Exercise data >>
---*---

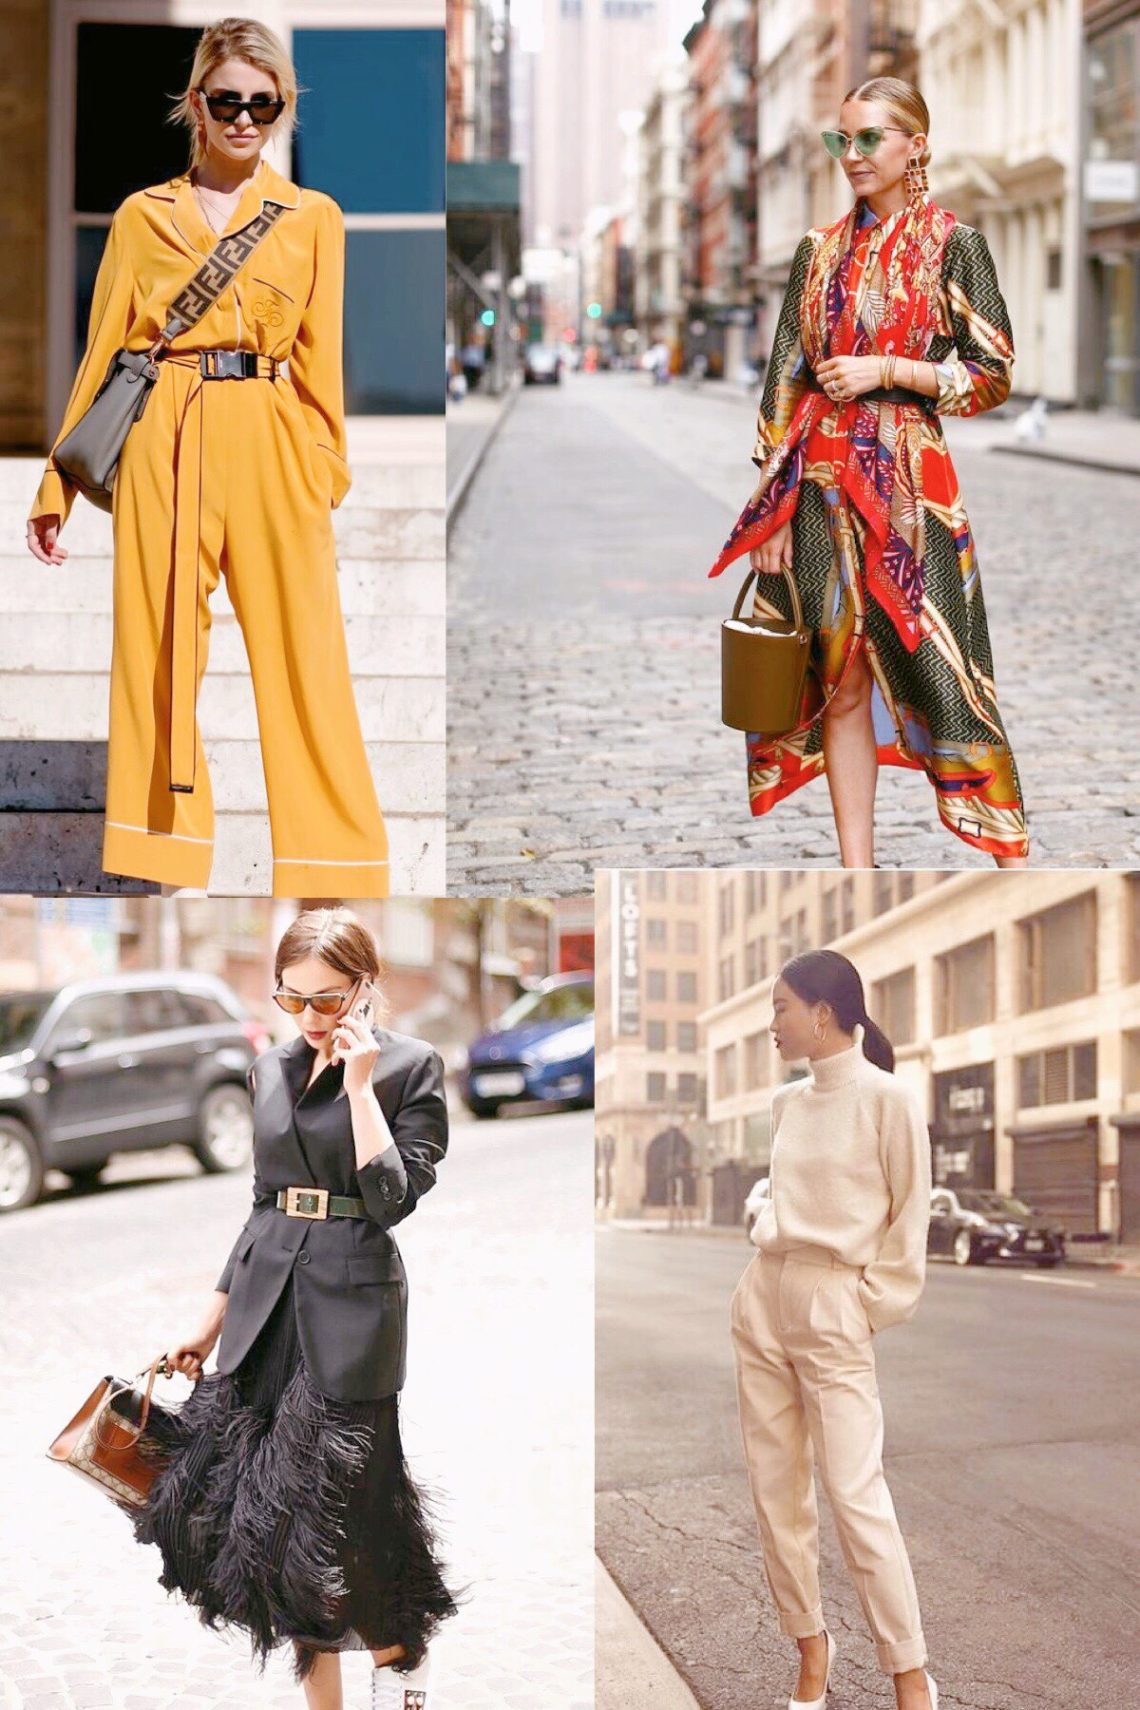 alt="Spring 2019 Fashion Trends To Look Forward To"
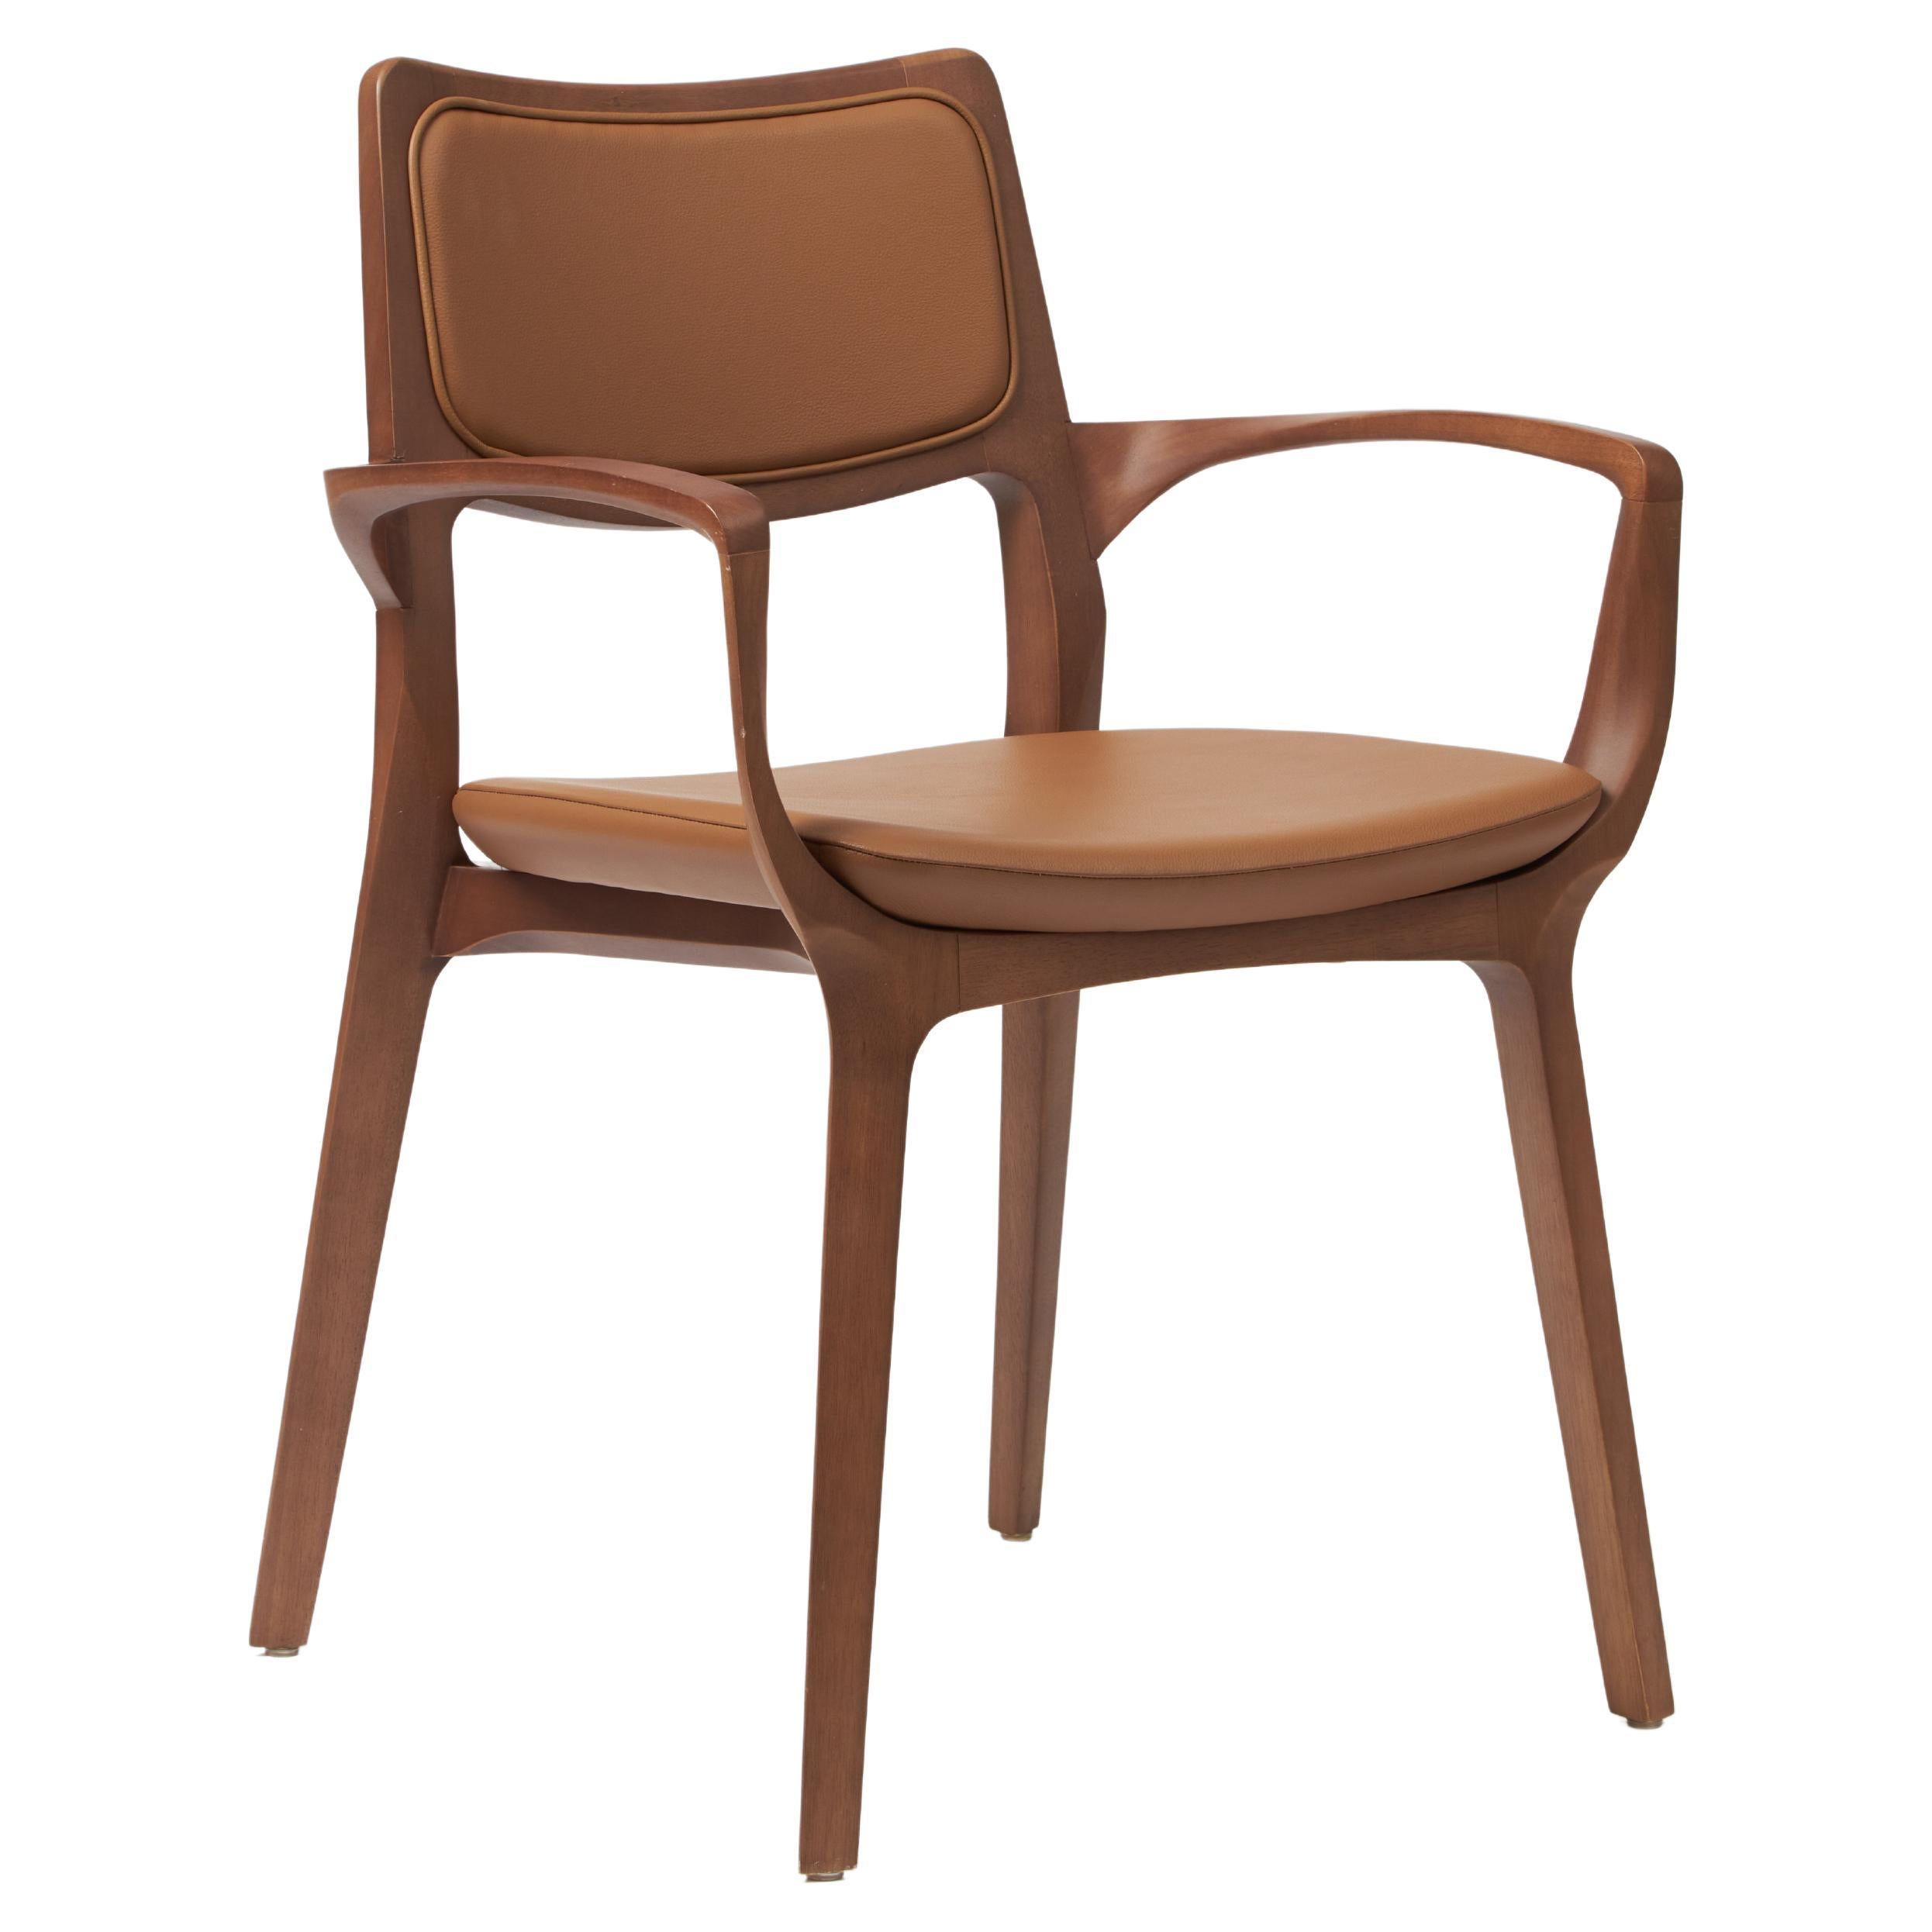 Modern Style Aurora Chair Sculpted in Walnut Finish Arms, leather back & seating For Sale
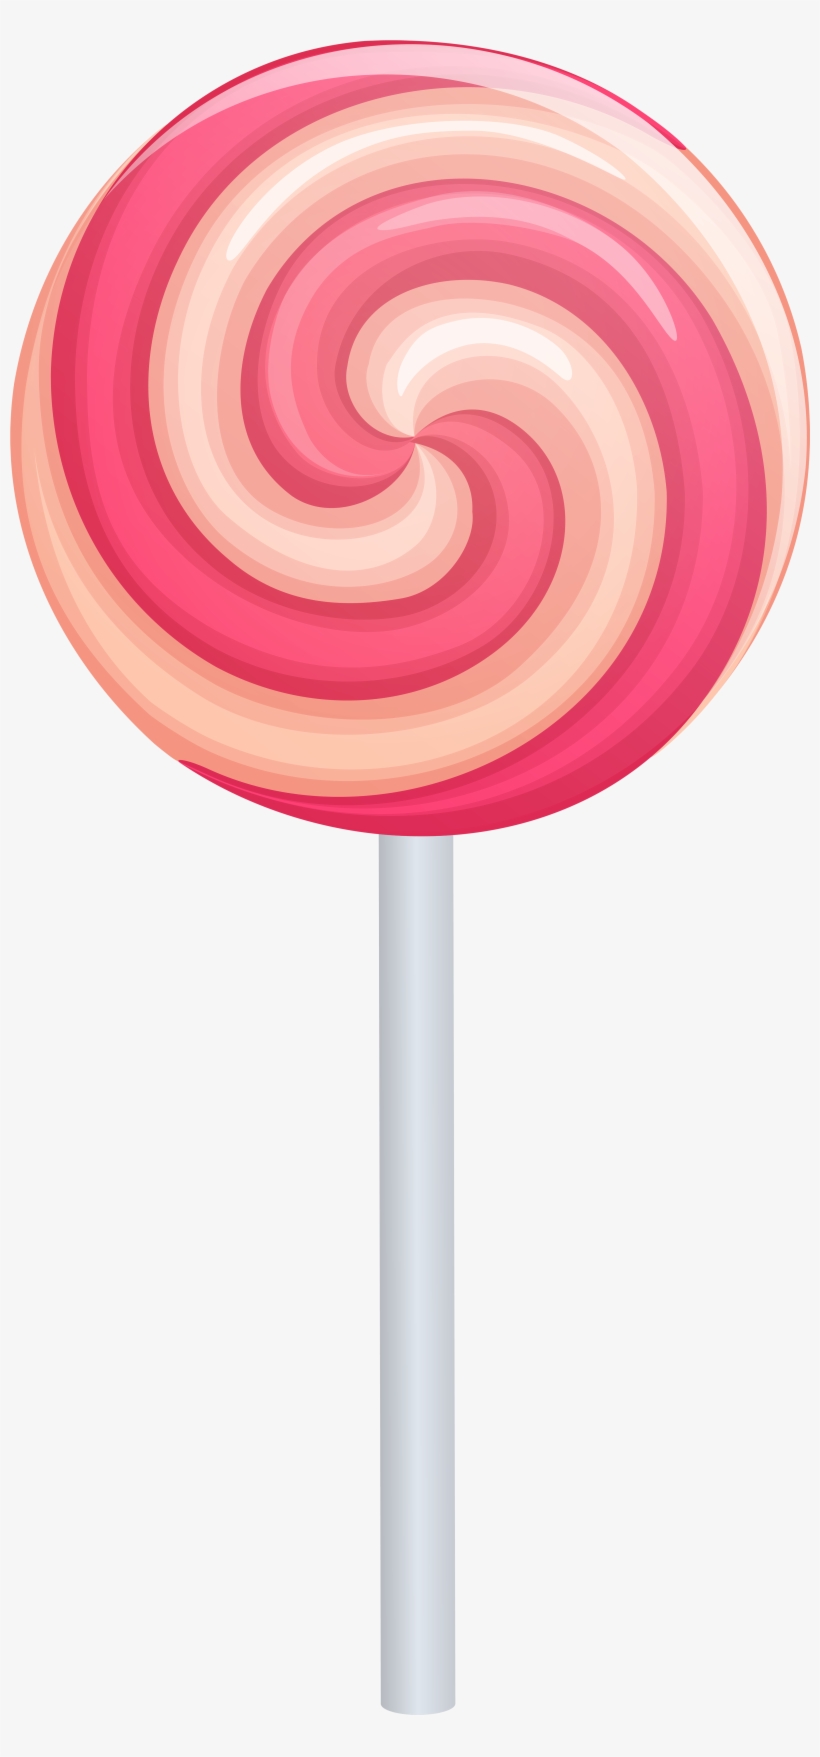 Pink Swirl Png Clip Art Image Gallery, transparent png #145491

---*---

Work item >> Every line of the listing should be repeated exactly; no picture should appear.

Answer to this task >>
 alt="Spring 2019 Fashion Trends To Look Forward To"
 Modern Style Aurora Chair Sculpted in Walnut Finish Arms, leather back & seating For Sale
 Pink Swirl Png Clip Art Image Gallery, transparent png #145491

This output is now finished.